Repitamos que el náufrago llega al faro de Robinsón y le compendia eso que Robinsón nos ha ido contando, esos mensajes de las botellas de la mar que precedieron a su llegada.
De ‘Semillas’ (p. 35), cuenta la historia de una escuela en la que un muchacho mira por el ventanal empañado del frío, Robinsón escucha y se acerca a la ventana del faro para apartar aquel vaho. Aquel niño castigado respira pegado a la ventana, el vaho trasluce la escena de la calle, la castañera todavía masculla el ultraje; a sus espaldas los demás niños edifican un Belén navideño mientras recitan la historia de los Magos. “El chico había hallado el consuelo de disipar el mundo verdadero al ritmo de su aliento”. Se labran aquí dos historias a un tiempo, una cordial a espaldas del niño y otra hacia la calle desabrida y helada. El muchacho rumia la sentencia del maestro: ser “semilla de discordia en día de misterio”. Él, recién llegado, el menos querido de todos los chavales quiso hurtarle la botella para hacerse valer. Ahora llega a verse a sí mismo como el brazo ejecutor de un deseo colectivo; recuerda en el momento exacto del hurto las manos de la anciana protegiendo su botella. El suceso como la luz del faro se abre en el espacio, se ralentiza, se detiene, y cuando las uñas de la anciana arañen la botella en su afán de retenerla, ese rasgado irá a formar parte de los sonidos de la mañana, se habrá clavado para siempre en la mente del muchacho. Ya entonces y a solas con la muerte oye a sus espaldas una ovación, como a sus espaldas ahora oye la salmodia de los Magos; como también escucha muy junto del cristal la narración del náufrago o el rasgado de las teclas del ordenador en la página que se ha ido escribiendo. En este momento la irrealidad de la escena alcanza a todos sus elementos y cuaja en un Belén en el que se incluyen la anciana y el niño; creaciones detenidas del tiempo que viene a resolver la nieve para atraer a los muchachos al ventanal, incorporándolos al mismo mar…

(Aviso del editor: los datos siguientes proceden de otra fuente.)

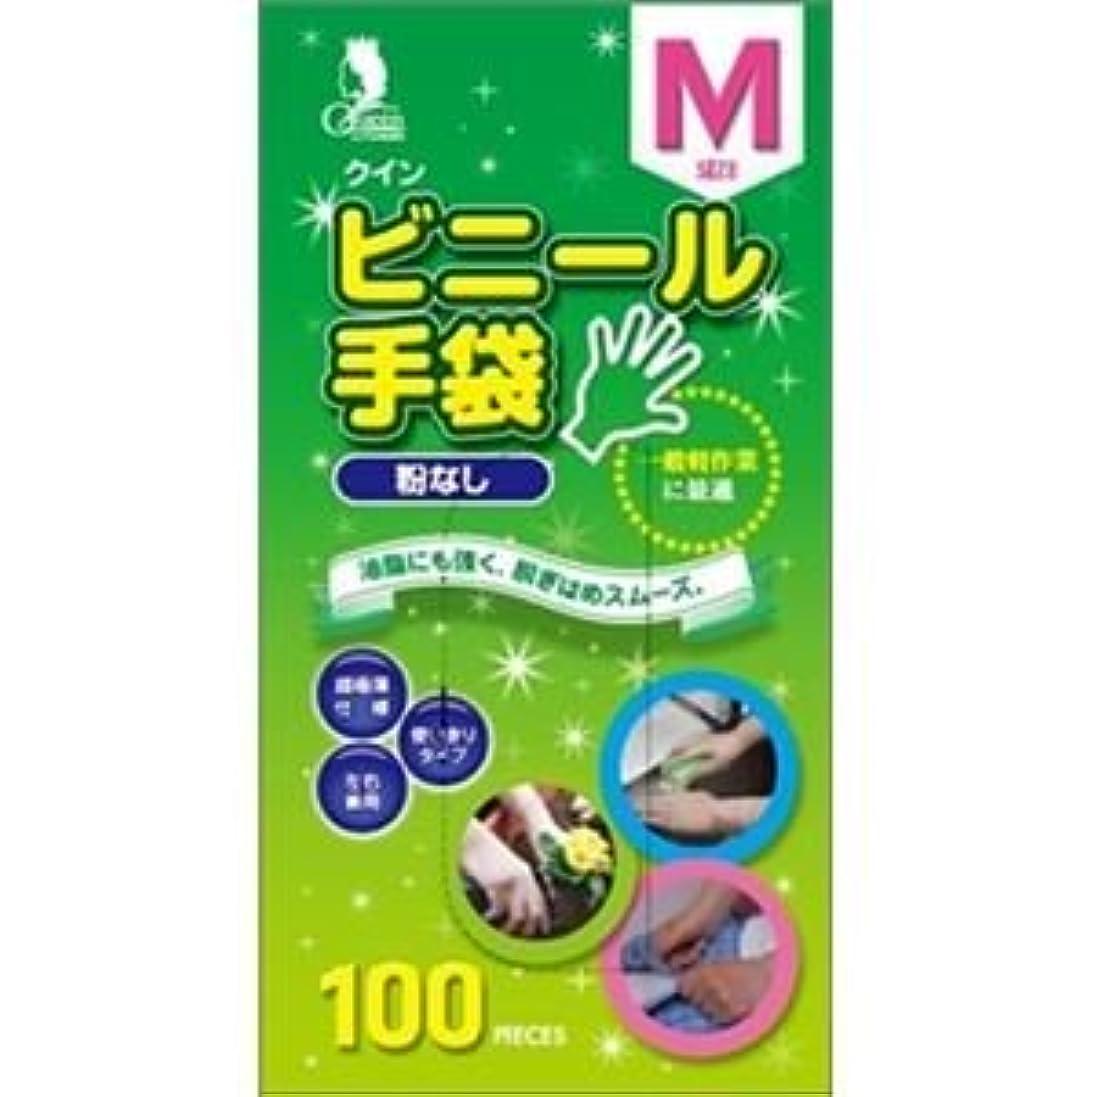 叙情的な試験人事(まとめ)宇都宮製作 クインビニール手袋100枚入 M (N) 【×3点セット】

- “¿Qué tal sabía el vino?”, le dice un niño en confidencia; y la respuesta ya es conciliadora y compensatoria de la ofensa. El vino, dijo en alto para todos. – “¡El vino sabía a sopas calientes de pan!”.
El relato del náufrago no tiene fin, puede que la forma del tiempo sea un círculo y cuando acaba la historia da otra vez comienzo. En ‘Tarpanes’ (P. 59) los personajes de la narración se ven presos del destino; el narrador de esa historia está abocado a escribir un final que no le satisface. Asistimos aquí a varias historias encapsuladas; si concebimos la narración como una cebolla, la capa más externa sería la narración que hace un discípulo del señor Hagenbeck sobre la actual expedición a las llanuras de Dzungaria, persiguiendo el rastro del Coronel Hamilton Smith. Puede decirse que al menos desde el punto de vista del maestro (Hagenbeck) tan solo han ido a cumplir un destino escrito, que es como decir que han venido en la esperanza de desmentirlo. La capa segunda de la cebolla corresponde al origen de ese destino escrito; cobró forma de texto en la piel de unos caballos vivos, los tarpanes. Esa escritura, originada por el coronel Hamilton, cercana a la magia y vecina de la poesía se transmite a la descendencia de acuerdo con la ley genética que rige en estos animales. Asistimos así a la generación automática de textos que mejoran la escritura originaria, “hibridando géneros, mejorando ritmos mal resueltos”. En este ir y venir de la poesía a la magia, la escritura se hace profética. Y ahora un texto escrito en la piel de uno de los tarpanes de la cuadragésimo sexta potrada se refiere a esta expedición que lo investiga y que escribe de la escritura originaria como si fuera un recuerdo; tal vez ahí radique la imposibilidad del destino, la leve variación que se adhiere sin buscarse; tal vez en ese destino comienza la derrota del destino. Los tres narradores de esta historia, el Coronel, el señor Hagenbeck y su discípulo coinciden en el temor ante lo ineludible, saben que en ese caso ninguno de ellos sería ninguno.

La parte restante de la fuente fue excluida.